◆ **Exercise instructions**
Down to the last line, set down the material below exactly, excluding pictures.

◆ **Provided data**
------------------------------

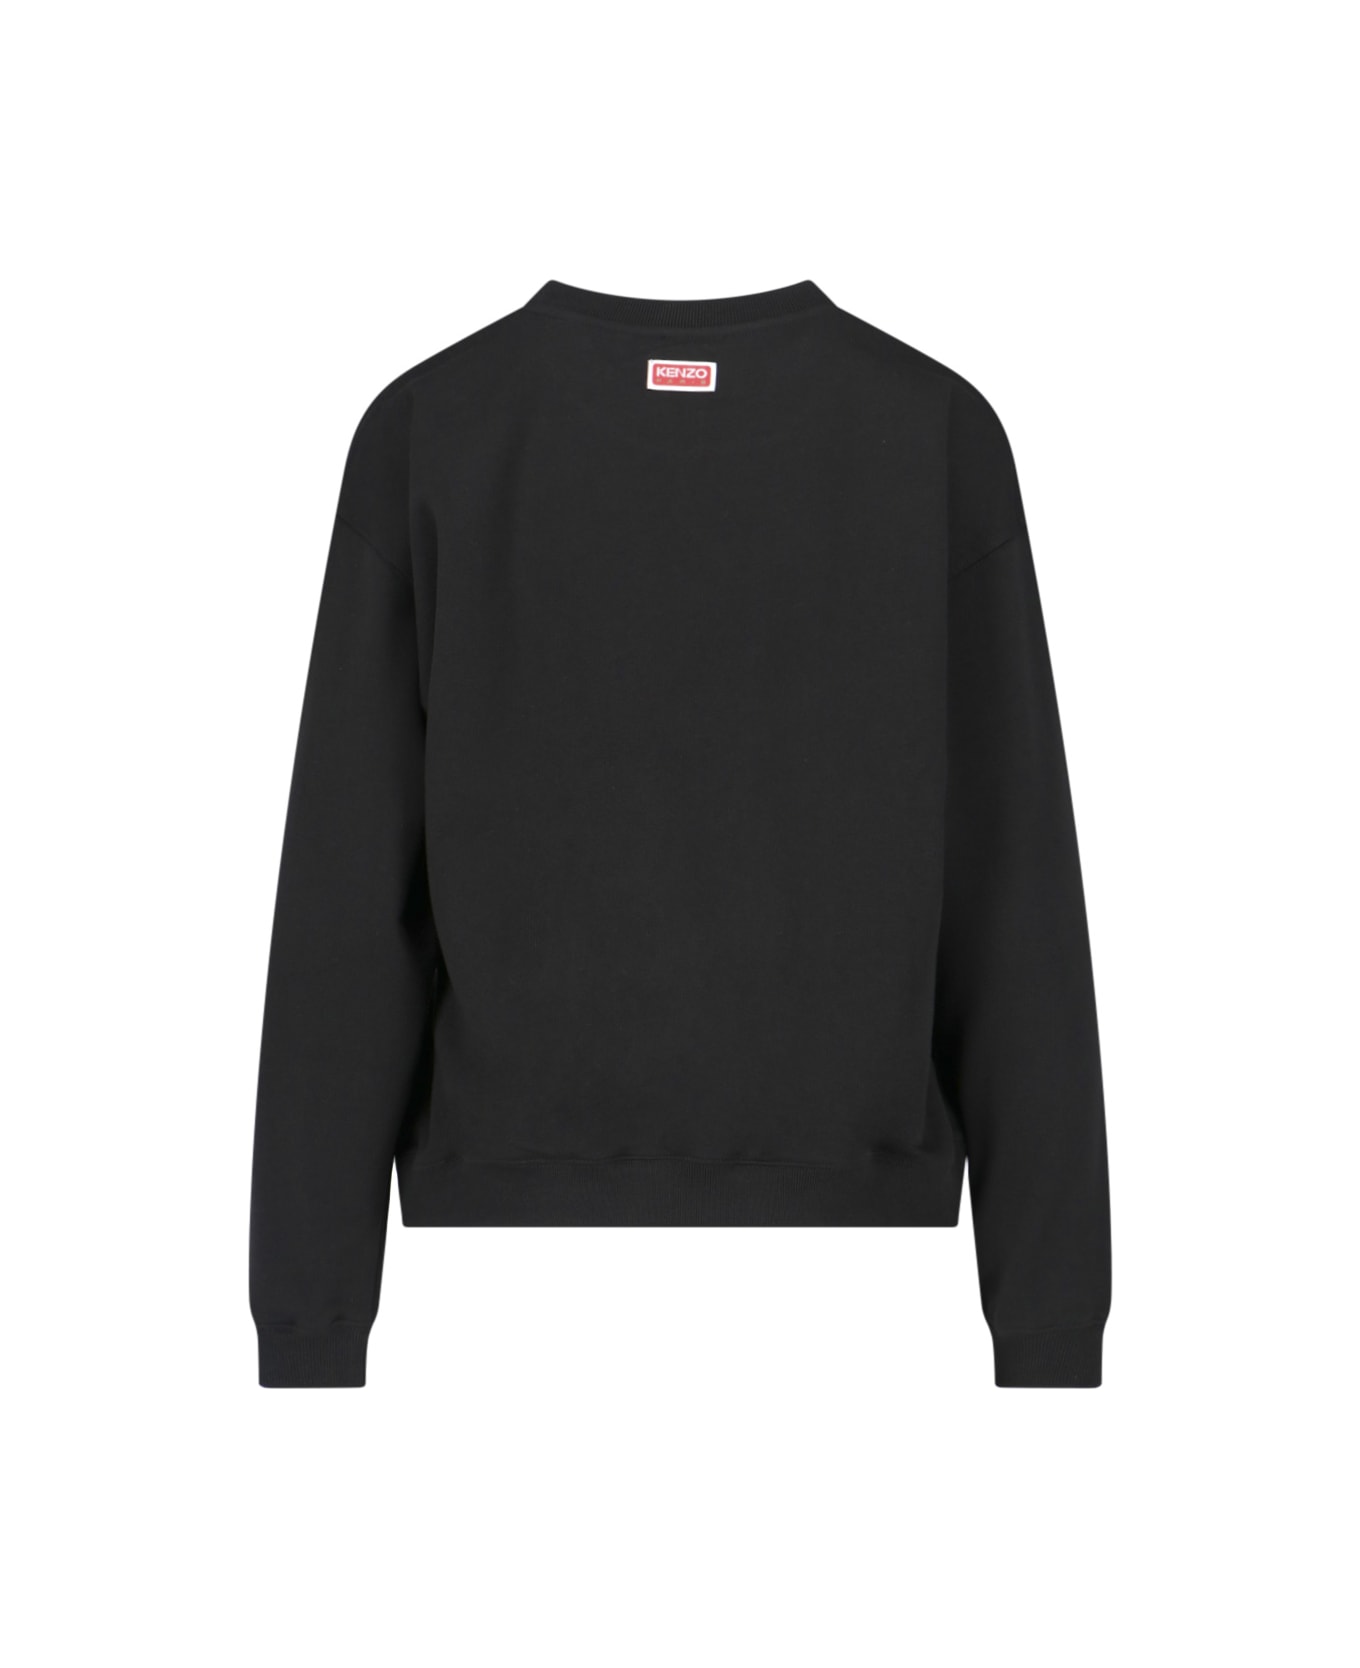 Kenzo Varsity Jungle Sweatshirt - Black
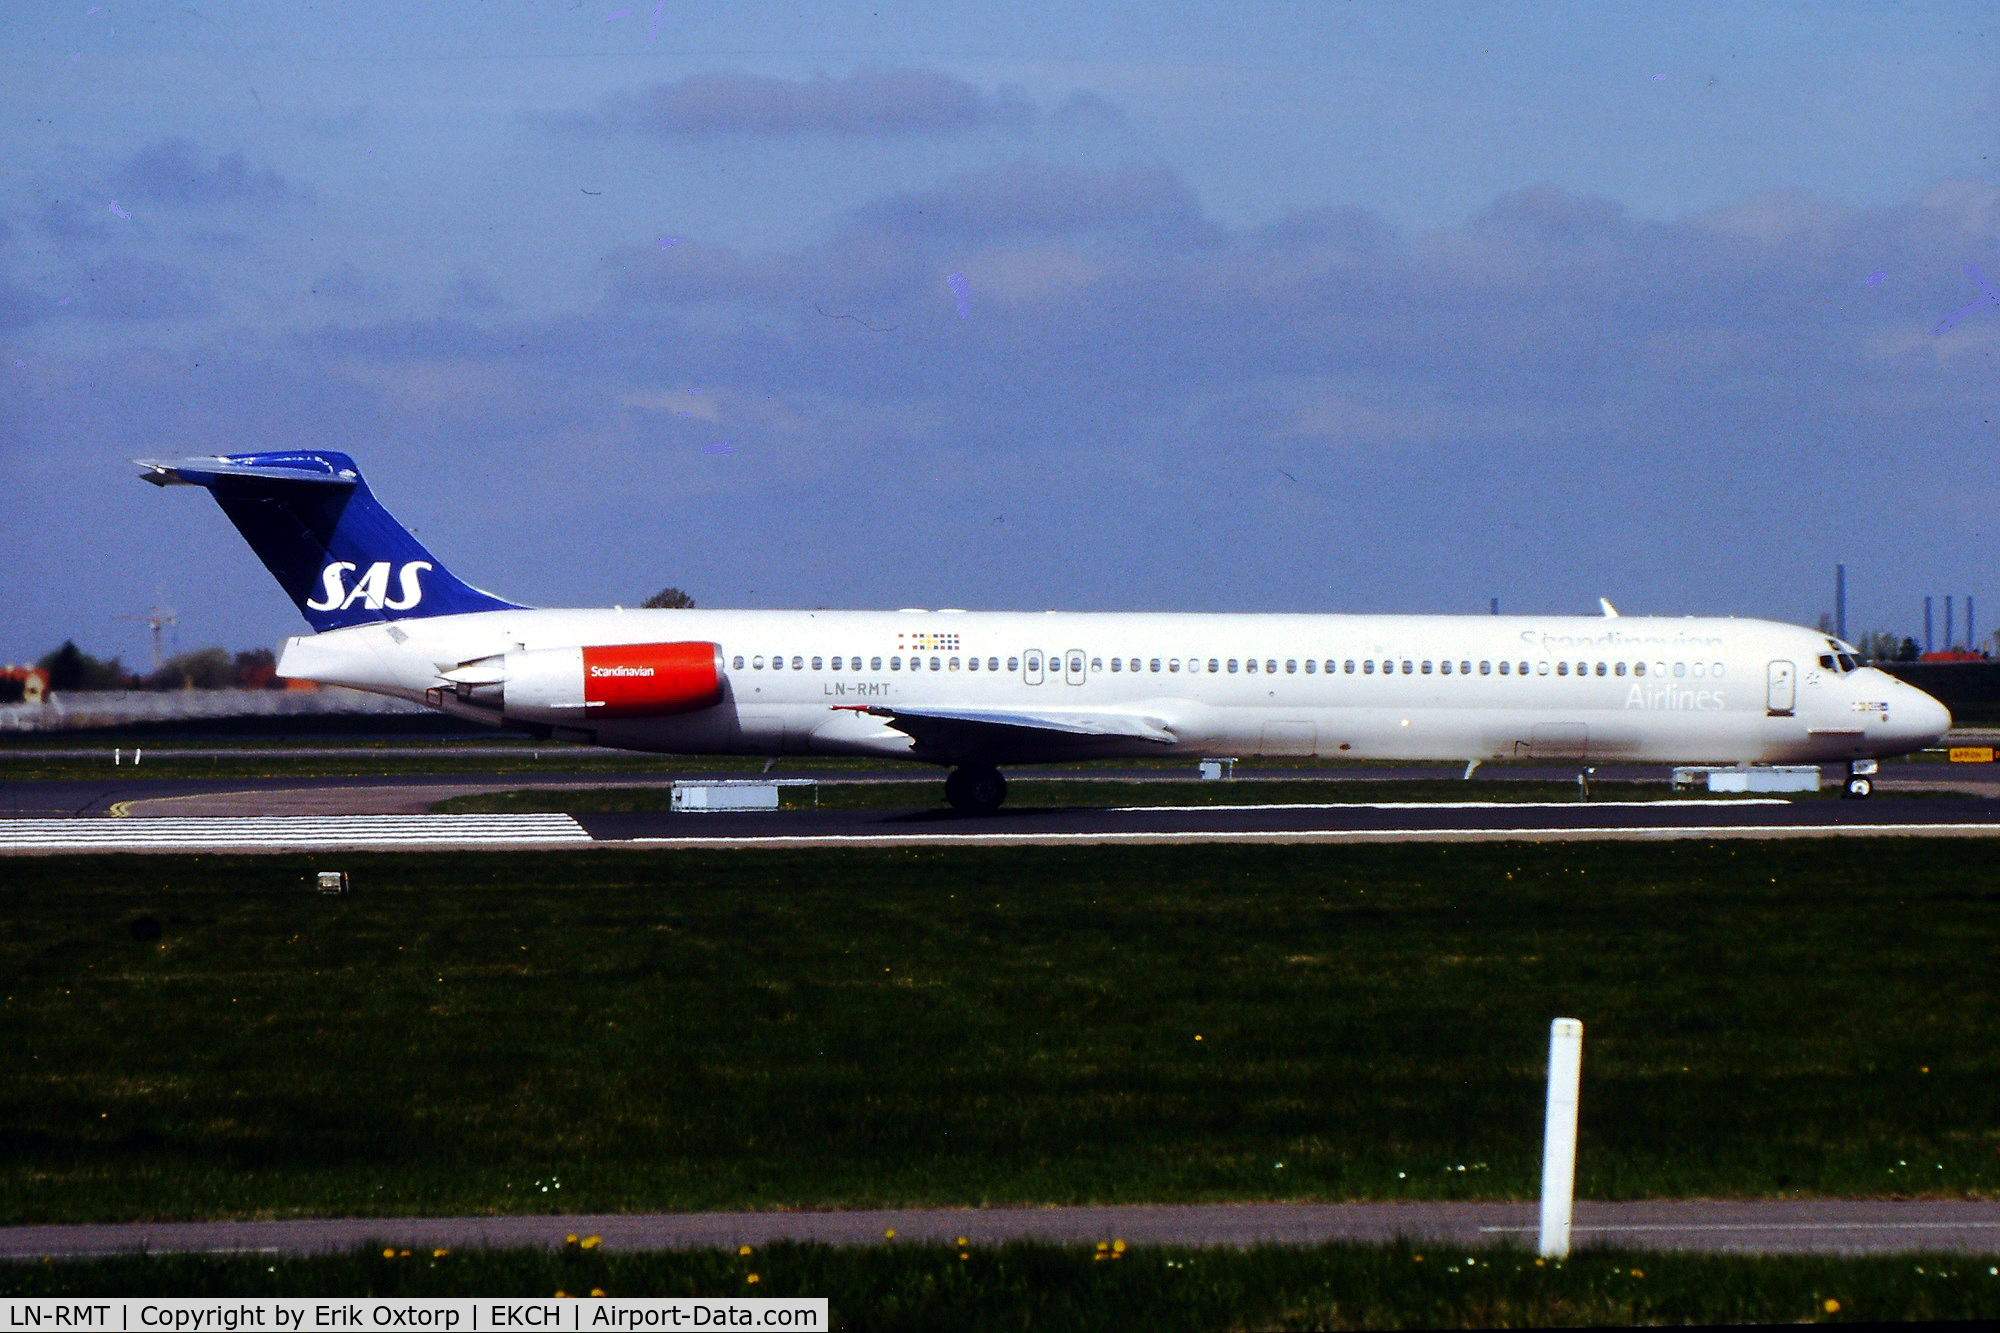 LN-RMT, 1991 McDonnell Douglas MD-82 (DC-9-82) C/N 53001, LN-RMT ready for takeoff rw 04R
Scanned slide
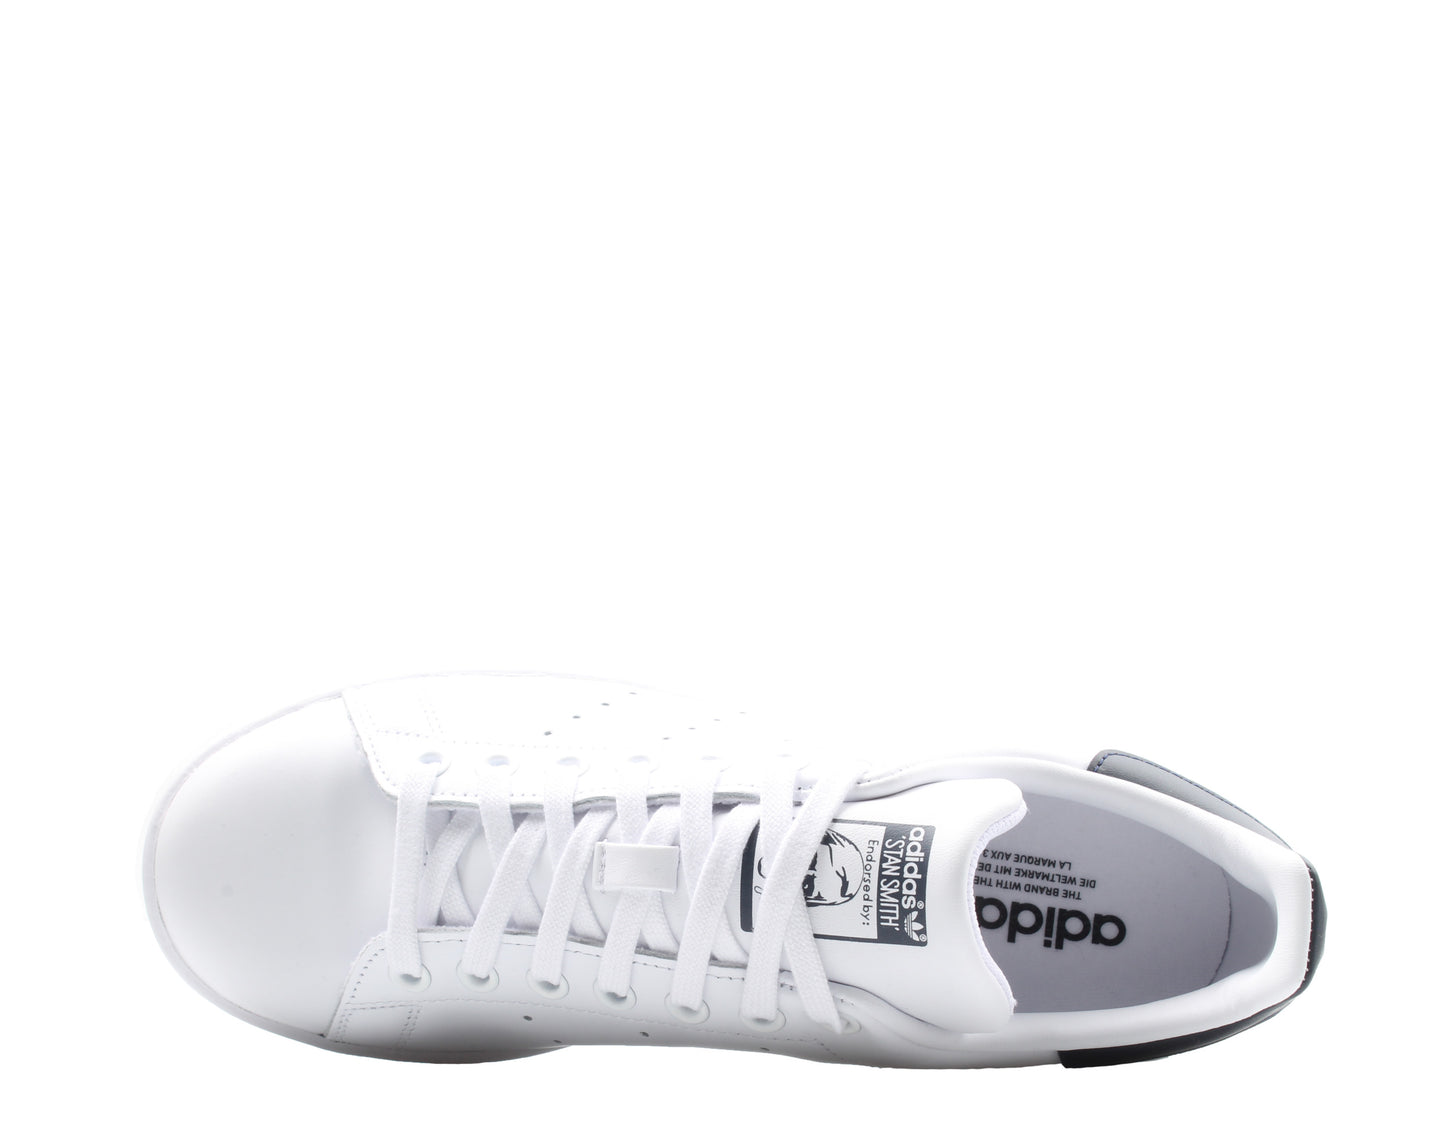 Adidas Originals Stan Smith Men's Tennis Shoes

------------------------------

◆ **Task output**
 Kenzo Varsity Jungle Sweatshirt - Black
 LN-RMT, 1991 McDonnell Douglas MD-82 (DC-9-82) C/N 53001, LN-RMT ready for takeoff rw 04R
Scanned slide
 Adidas Originals Stan Smith Men's Tennis Shoes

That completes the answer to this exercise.